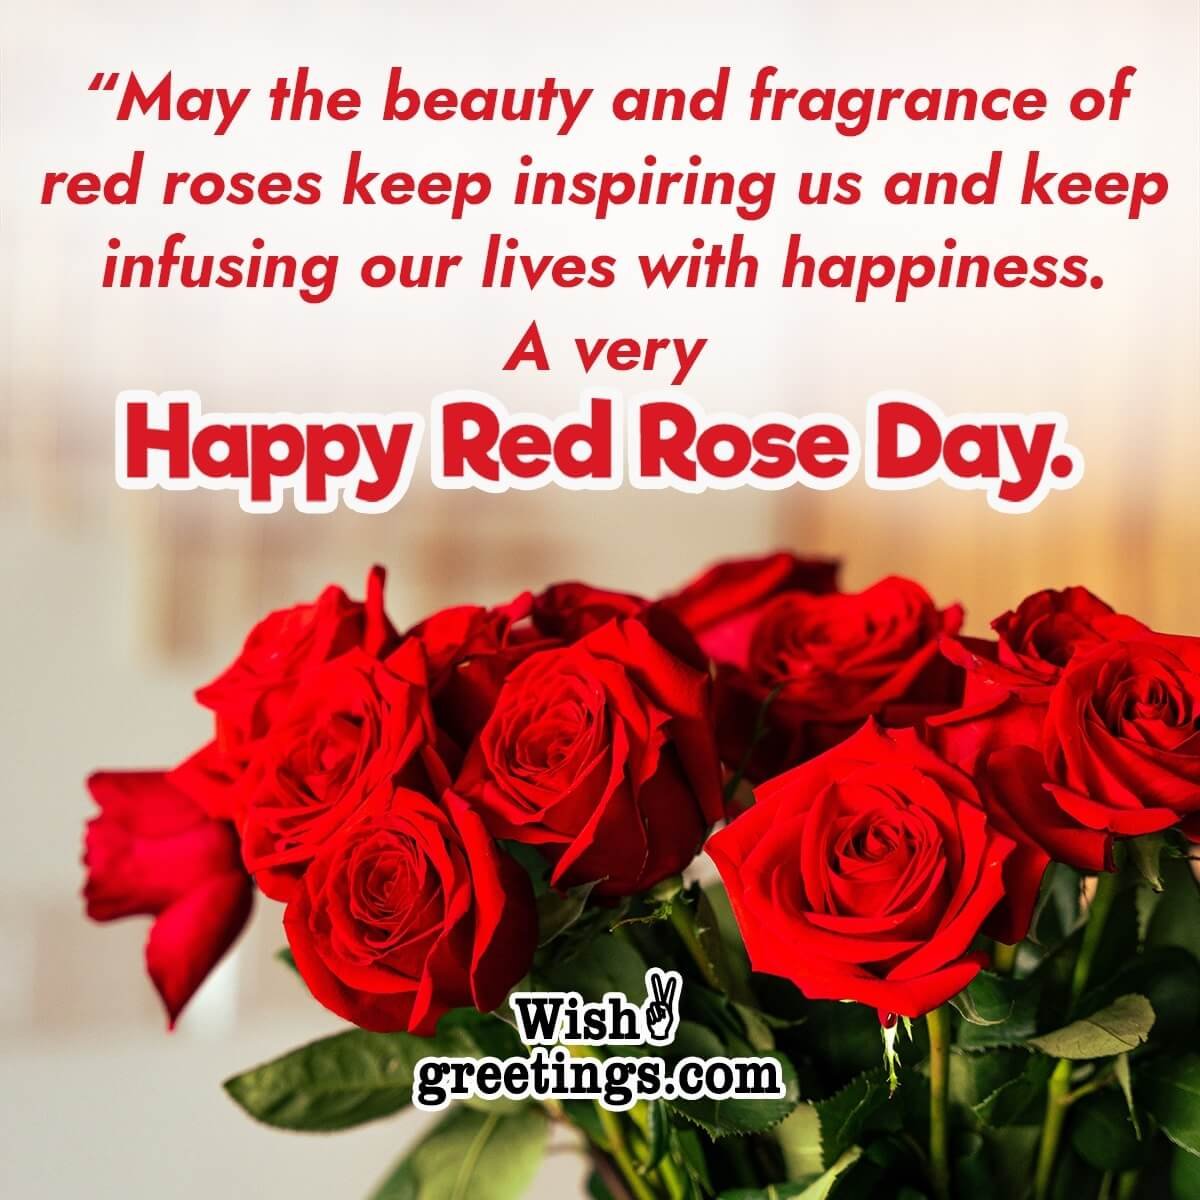 Red Rose Day Wishes Messages - Wish Greetings
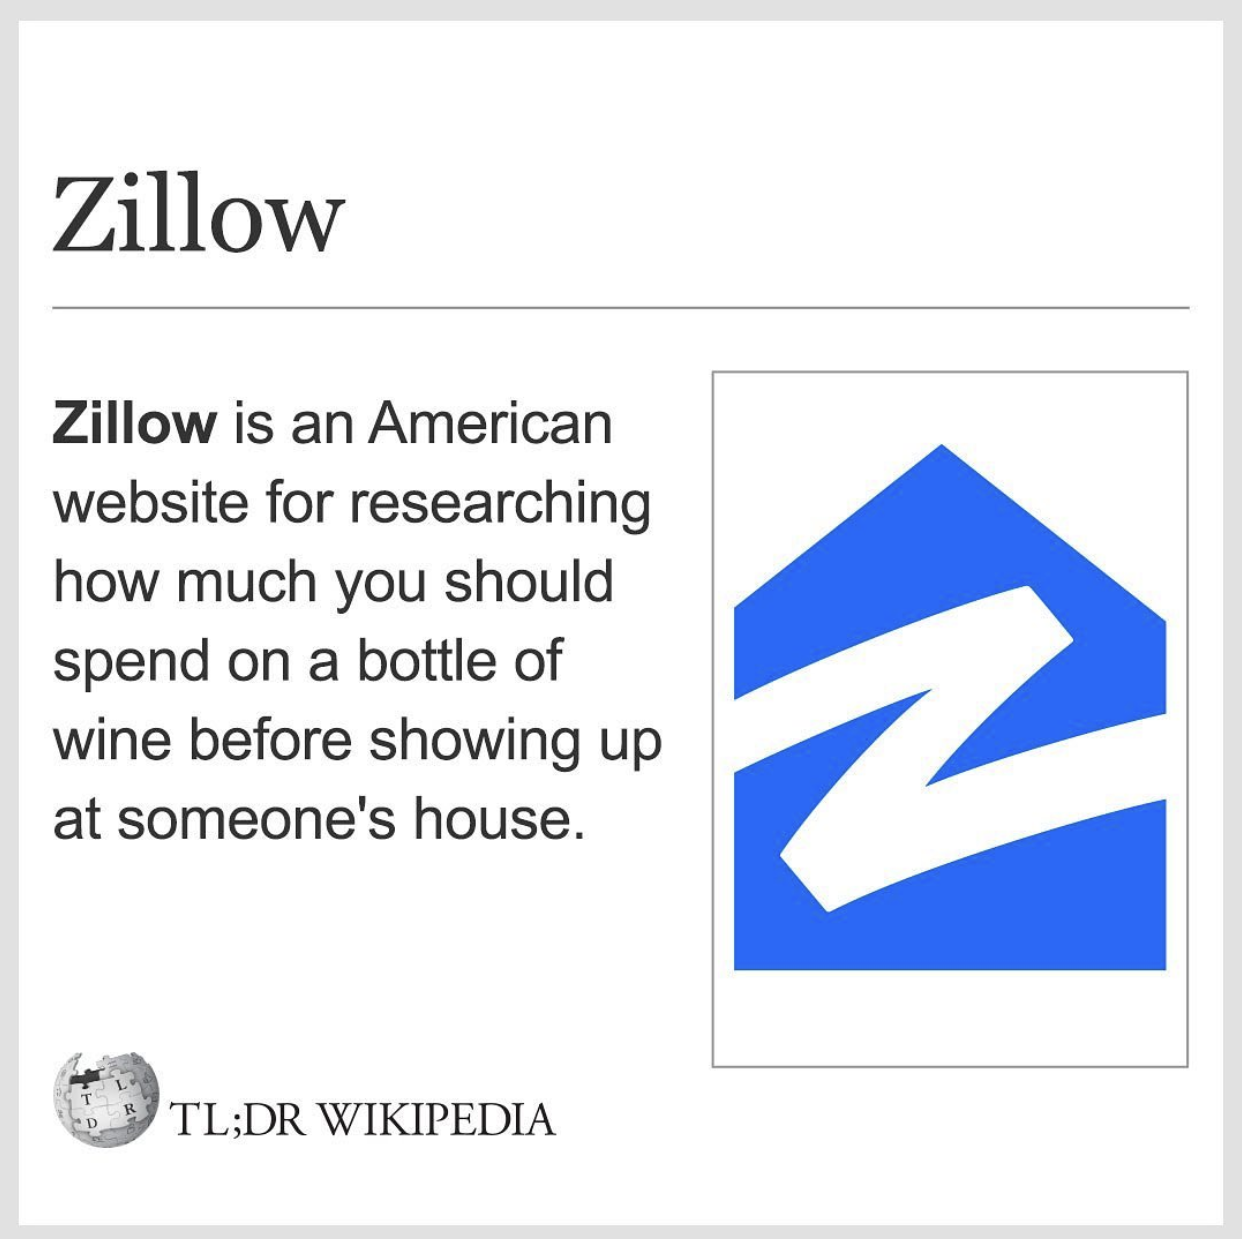 Wikipedia Memes - diagram - Zillow Zillow is an American website for researching how much you should spend on a bottle of wine before showing up at someone's house. N Tl;Dr Wikipedia
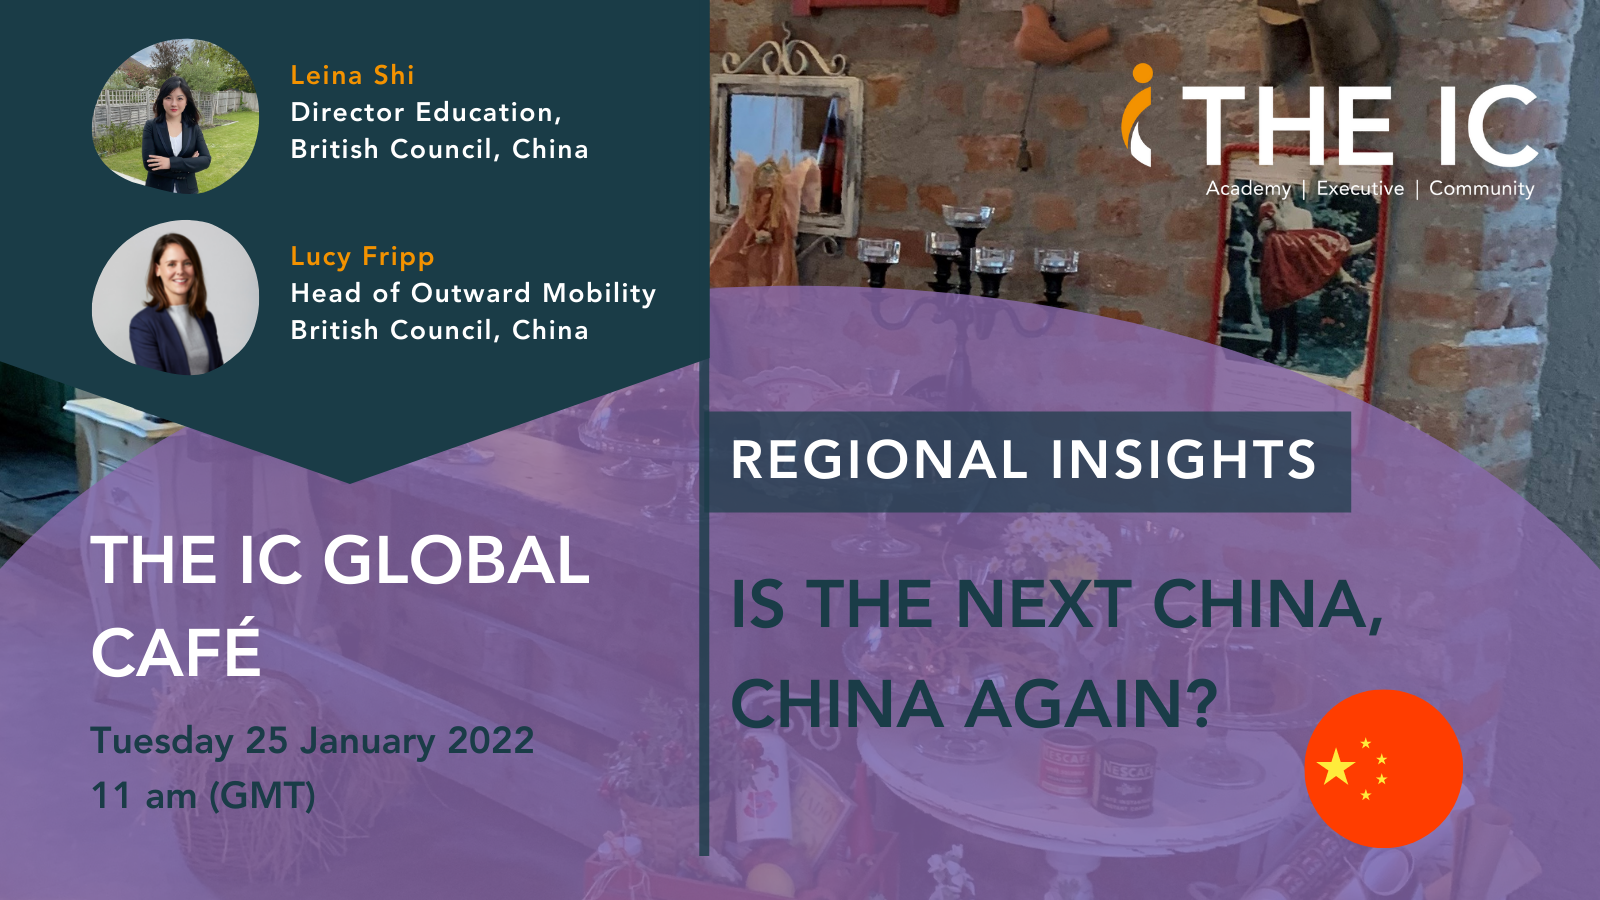 The IC Global Café: Is the Next China, China Again?
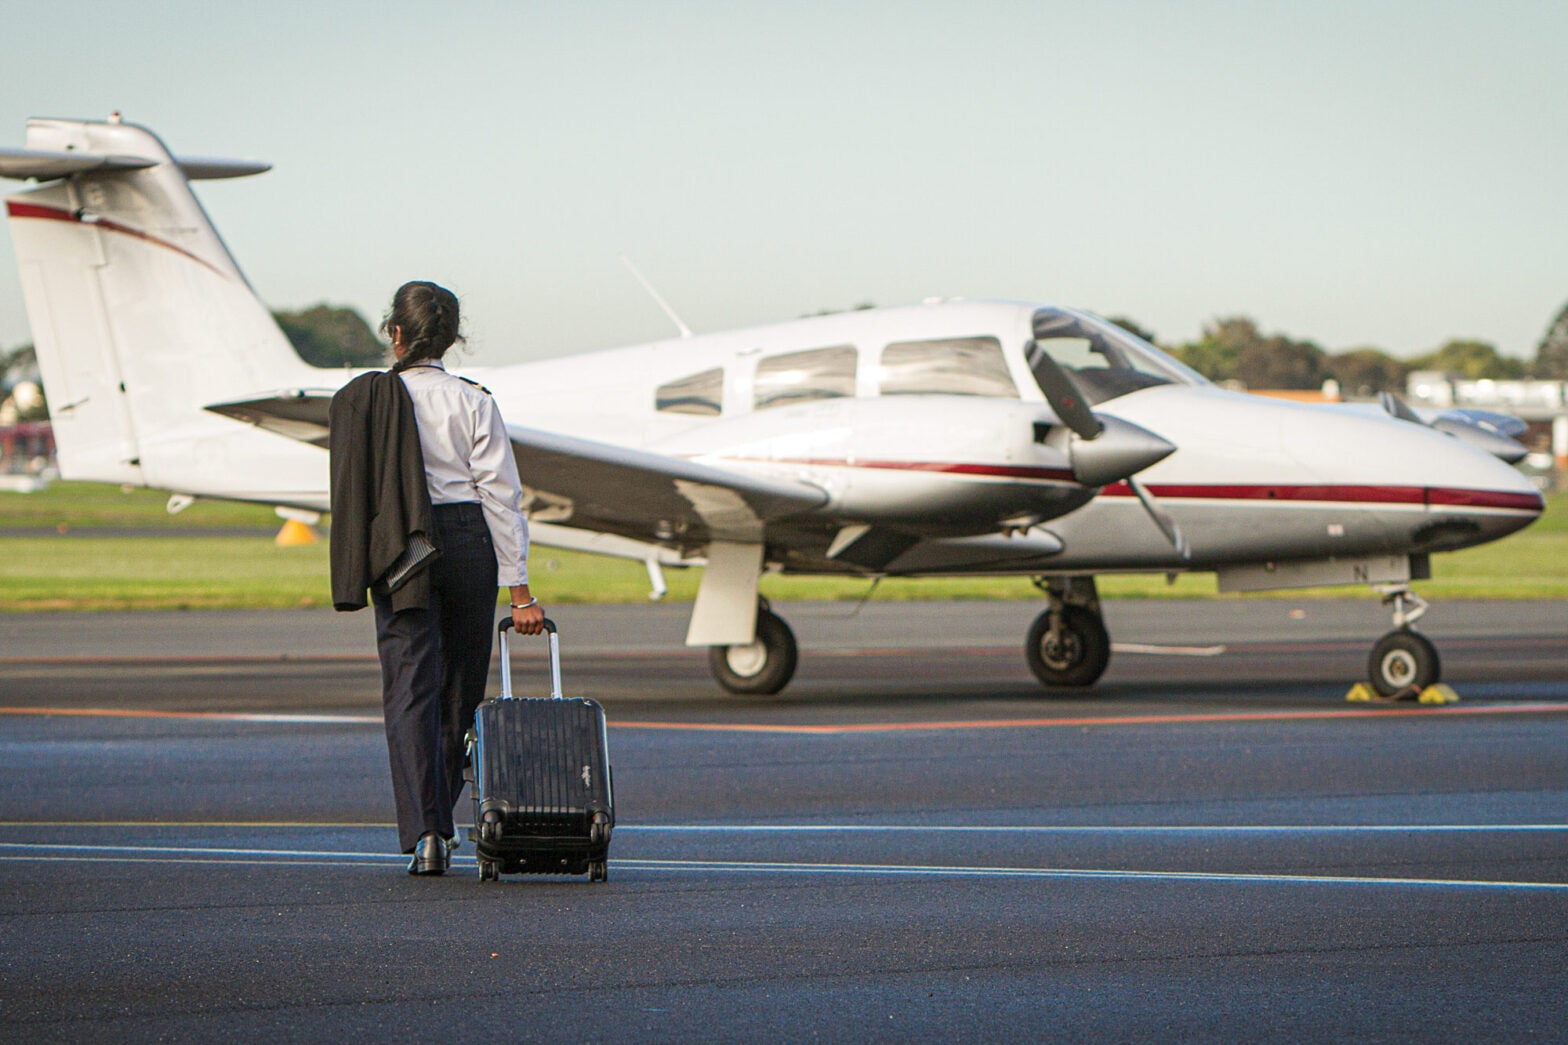 How to Become a Professional Pilot
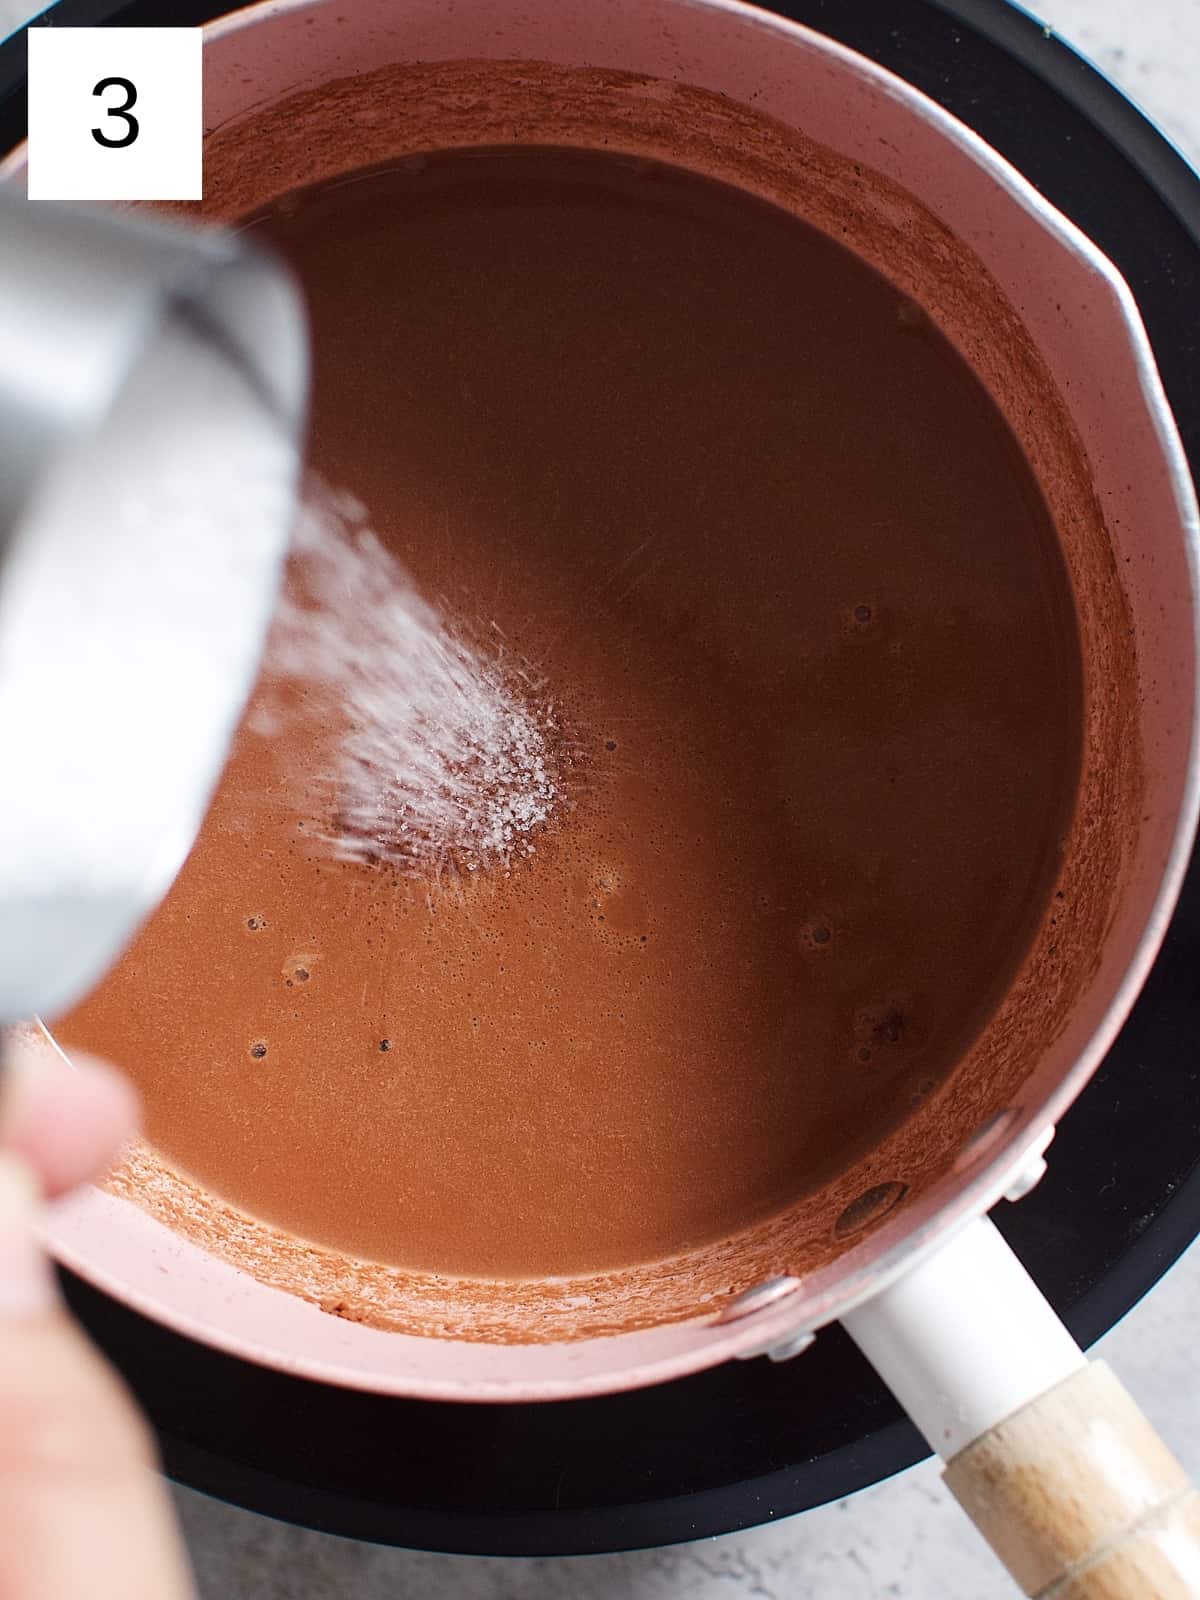 Adding granulated sugar and salt to the cocoa mixture in a heated sauce pan.

**What is required**
The answer must consist of the entries above, reproduced word for word, without any pictures.

**Solved problem**
 Red Rose Day Wishes Messages - Wish Greetings
 Wikipedia Memes - diagram - Zillow Zillow is an American website for researching how much you should spend on a bottle of wine before showing up at someone's house. N Tl;Dr Wikipedia
 The IC Global Café: Is the Next China, China Again?
 How to Become a Professional Pilot
 Adding granulated sugar and salt to the cocoa mixture in a heated sauce pan.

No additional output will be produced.